6. REPRESENTATIONS OF TTGL. TTGL represents and warrants to EST:
6.1 TTGL will use its best efforts to identify and define four (4)
Additional Applications for EST to develop.
6.2 TTGL will use its best efforts to commercialize such Applications which
EST successfully develops.
6.3 TTGL recognizes that EST's obligation to afford priority to TTGL's
Development Programs over work for others may result in EST experiencing
financial hardships in meeting its basic operating expenses of approximately
********** per month ("Operating Expenses"). Accordingly, TTGL guarantees that
it will pay EST a minimum of ******* per month on or before the 15th day of each
month during the term of this Agreement for EST's Operating Expenses ("*******
Minimum"). Provided further that, notwithstanding anything herein to the
contrary, TTGL's monthly obligation to pay EST said ******* Minimum shall
terminate upon the second anniversary of this Agreement or if EST secures
funding from the EU in an amount greater than **** of said ******* Minimum,
whichever is later.
6.4 During the Term of this Agreement TTGL will provide development funding
in addition to the ******* Minimum for any Development Program that TTGL may
request EST to develop.

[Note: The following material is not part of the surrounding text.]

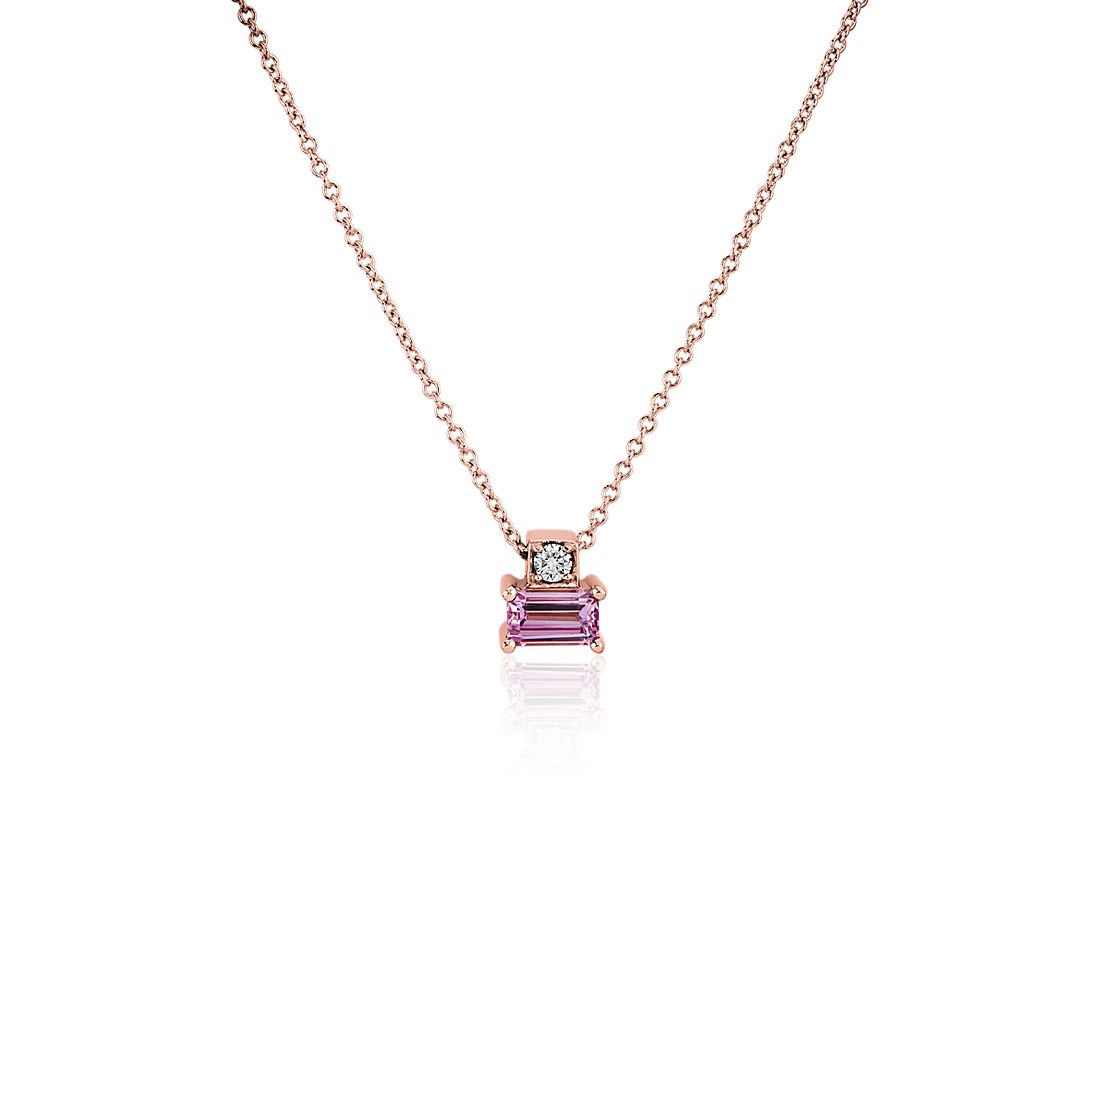 Details about   Bezel Set 1 CT Pink Sapphire Solitaire Pendant Necklace 14k Rose Gold Finish

Such development funding may include language resources,
computer hardware and computer software and any other development costs that
TTGL and EST may jointly deem necessary for a Development Program.
6.5 During the Term of this Agreement TTGL will provide funding for
additional Operating Expenses incurred by EST above the ******* minimum if EST
reasonably demonstrates that its actual Operating Expenses exceed ******* per
month as a direct result of any Development Program for TTGL, i.e., EST works on
two Development programs simultaneously.
6.6 Additional Warranties and Representations. TTGL represents and warrants
to EST:
(i) the execution, delivery and performance of this Agreement has been
duly authorized by TTGL's board of directors. TTGL has all requisite capacity,
power and authority to execute and deliver this Agreement and each other
agreement,
document, instrument or certificate contemplated by this Agreement or to be
executed in connection with the consummation of the transactions contemplated by
this Agreement, and to perform fully its obligations hereunder and thereunder.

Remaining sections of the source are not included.